Al analizar críticamente la política de la promoción del turismo LGBT en Uruguay, en esta ponencia, quería enfatizar la importancia de autocriticarse uno mismo, como manera de descolonizar la academia del Norte. Mediante este trabajo, mis motivos de estudiar el turismo LGBT en Uruguay se revelaron como una extensión de discursos y practicas homonormativos (Duggan, 2003), debido a mi esperanza privilegiada en los discursos de igualdad liberal propugnados por el capitalismo arco iris. Es necesario ser crítico respecto a los espacios que abordamos en los análisis, pero si uno no cuestiona y critica su posicionamiento dentro de estructuras coloniales como investigador, y asímismo también como sujeto, sería otra extensión colonial dentro de la relación de investigador y el campo de estudio, reproduciendo lógicas neoliberales dentro de la teoría queer del Norte.
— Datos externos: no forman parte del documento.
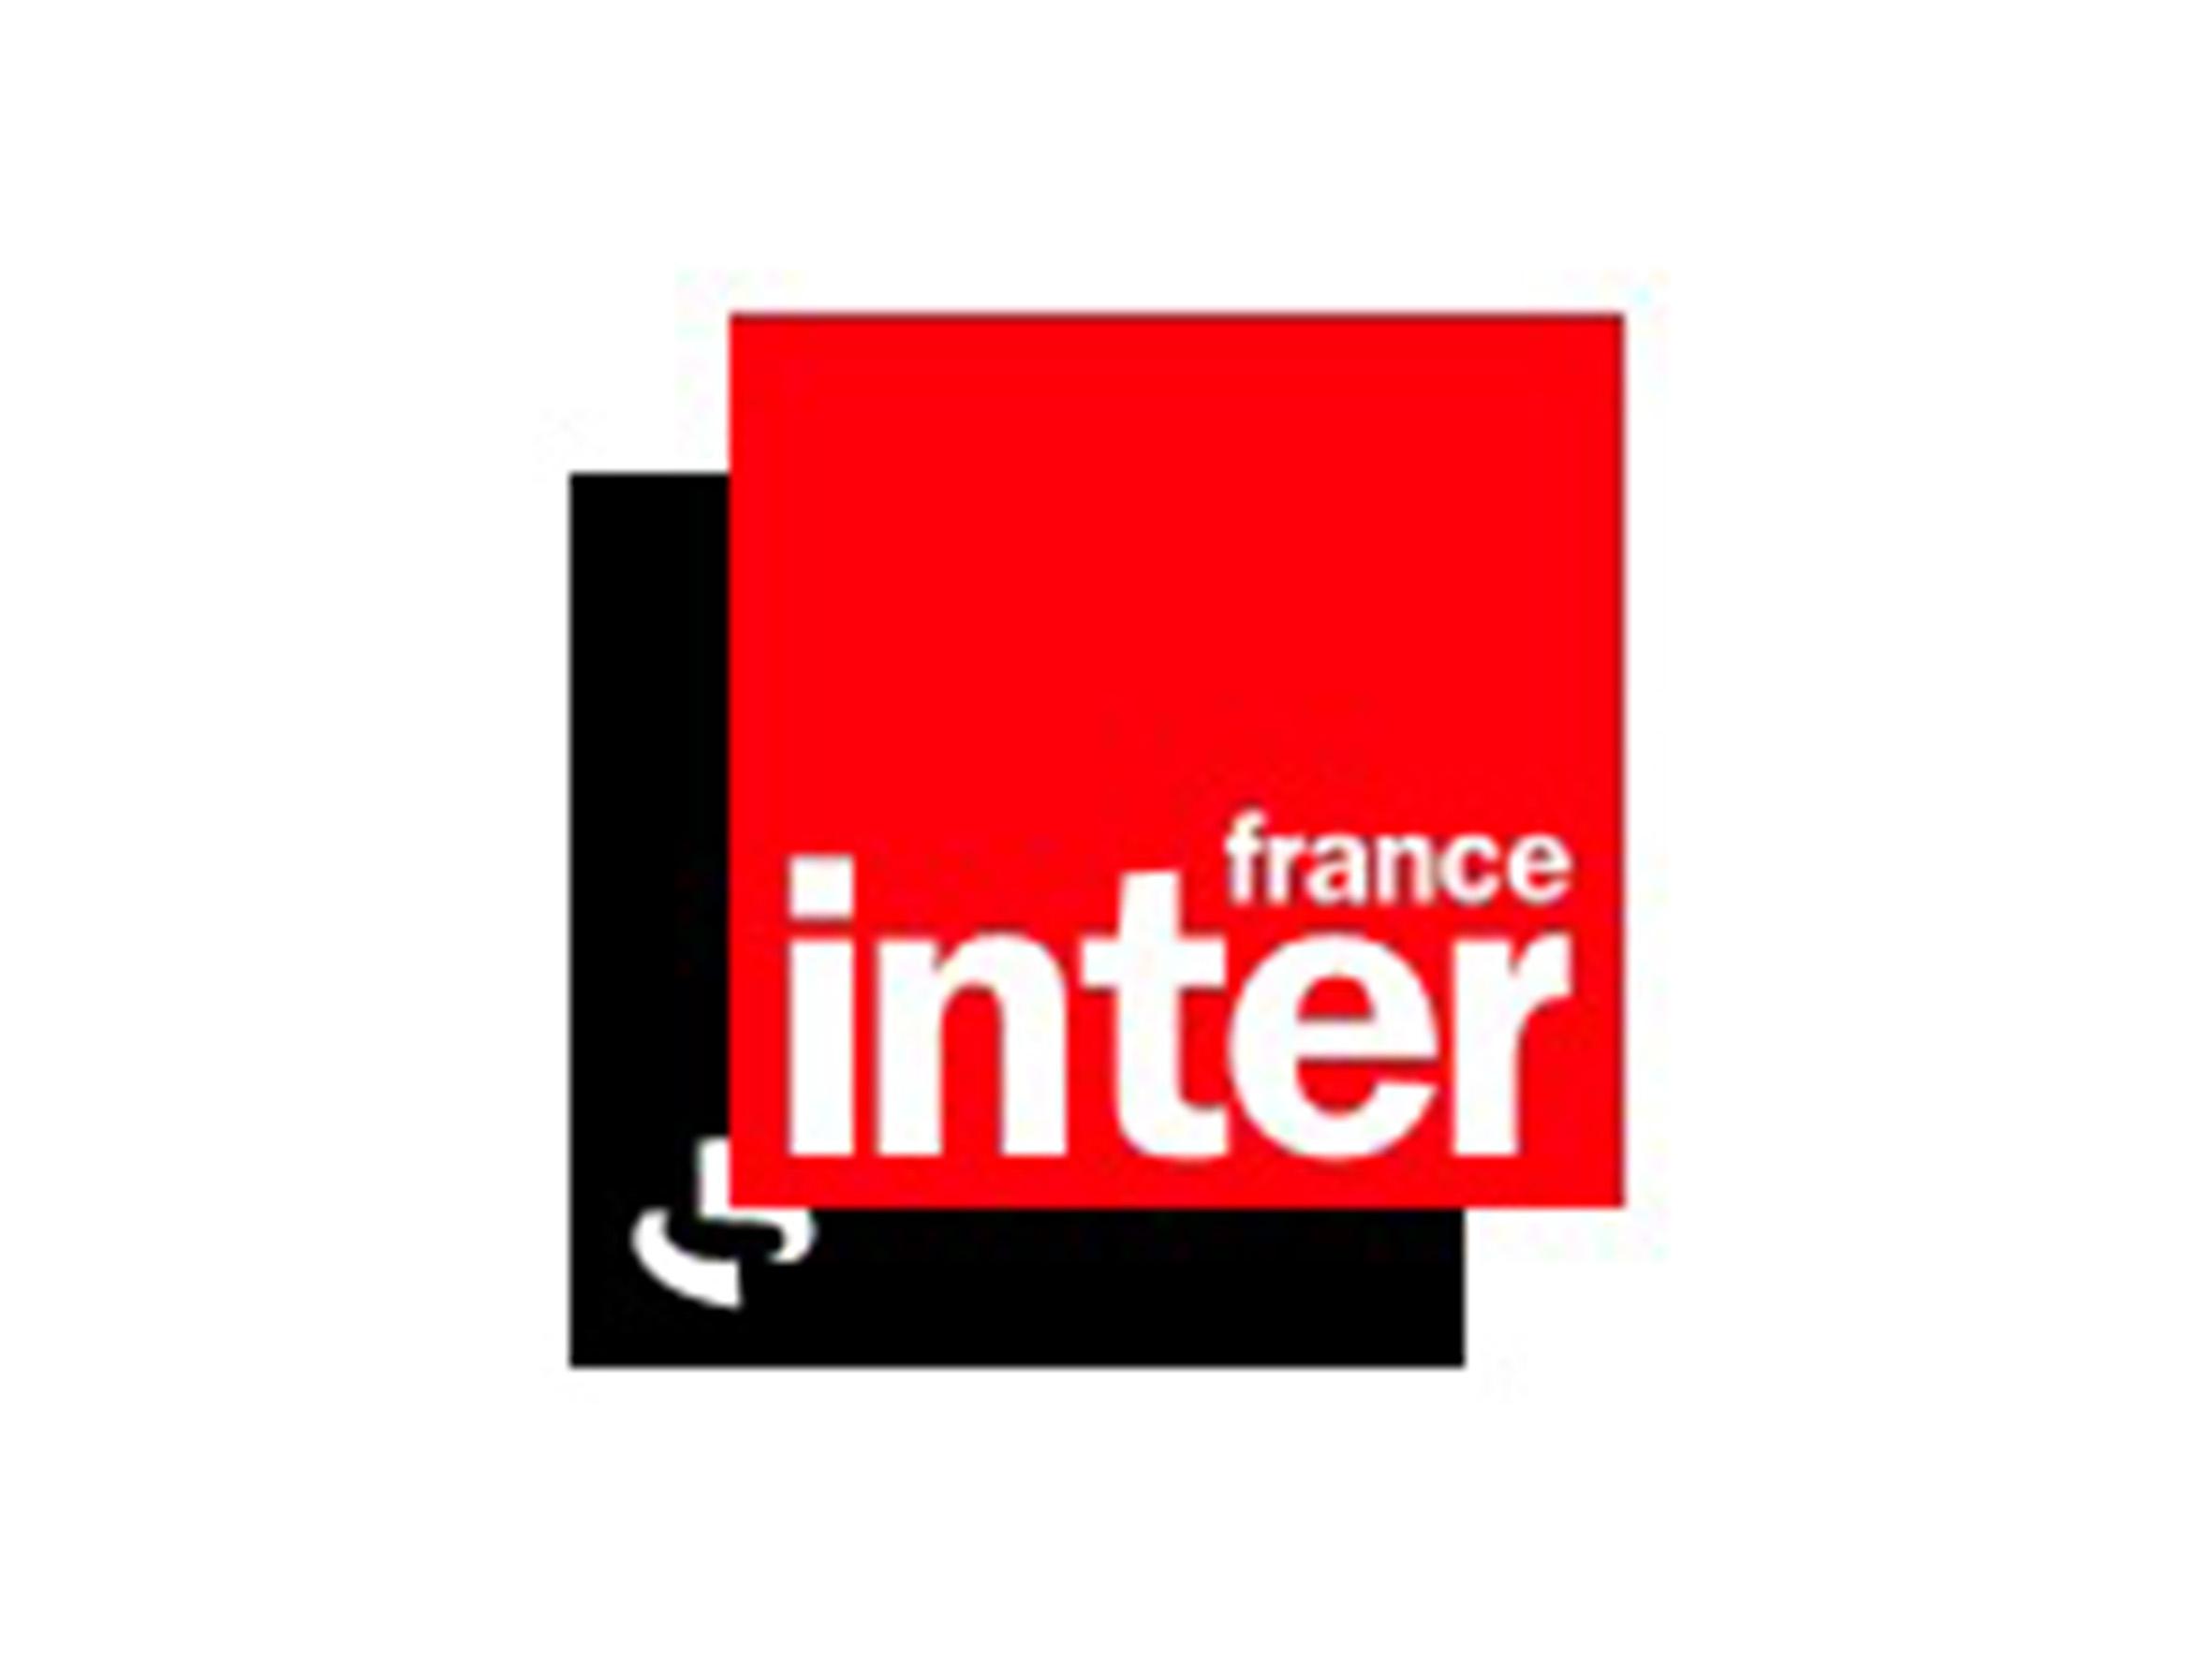 Logo France Inter - Médias - Jérôme Adam - Conférencier Entrepreneur

Ahora invito a Katucha Bento para hablar sobre mi ponencia, que está conectada con su presentación sobre la importancia de una mirada interseccional entre opresiones y procesos identitarios.

KATUCHA BENTO: Ha sido un placer organizar este simposio y contar con tu presencia, Louis, en nuestro diálogo. Veo que tu contribución es necesaria para promover la reflexividad en el proceso de investigación (sobre reflexividad como concepto epistémico: Tate, 2005; Gill, 1998). El punto clave que me llama atención es que tú y yo nos auto- identificamos con los temas que investigamos, seguramente no se trata de la única forma de nuestra identidad, pero es crucial por el rol que tenemos/cumplimos en este mundo. Por este motivo, empiezo con una reflexión sobre cómo el Norte Global utiliza una manera “interseccional” de hacer llamadas para el turismo LGBTQ+ en Uruguay.

Esta claro que esta es la clásica colonización del saber por parte de grupos hegemónicos (blancos, eurocéntricos, de clase media) que hace uso de terminologías de resistencia, en este caso, del feminismo negro. La noción de interseccionalidad pasa a tener valor de cambio, mercantilizado a través de un imaginario alternativo, que al mismo tiempo que celebra sexualidades alternativas, inviabiliza grupos oprimidos de tomar parte de tales actividades. Se trata de una contradicción problemática que requiere reflexiones más profundas dentro de estos colectivos, sobre promoción de autocrítica y espacios de inclusión.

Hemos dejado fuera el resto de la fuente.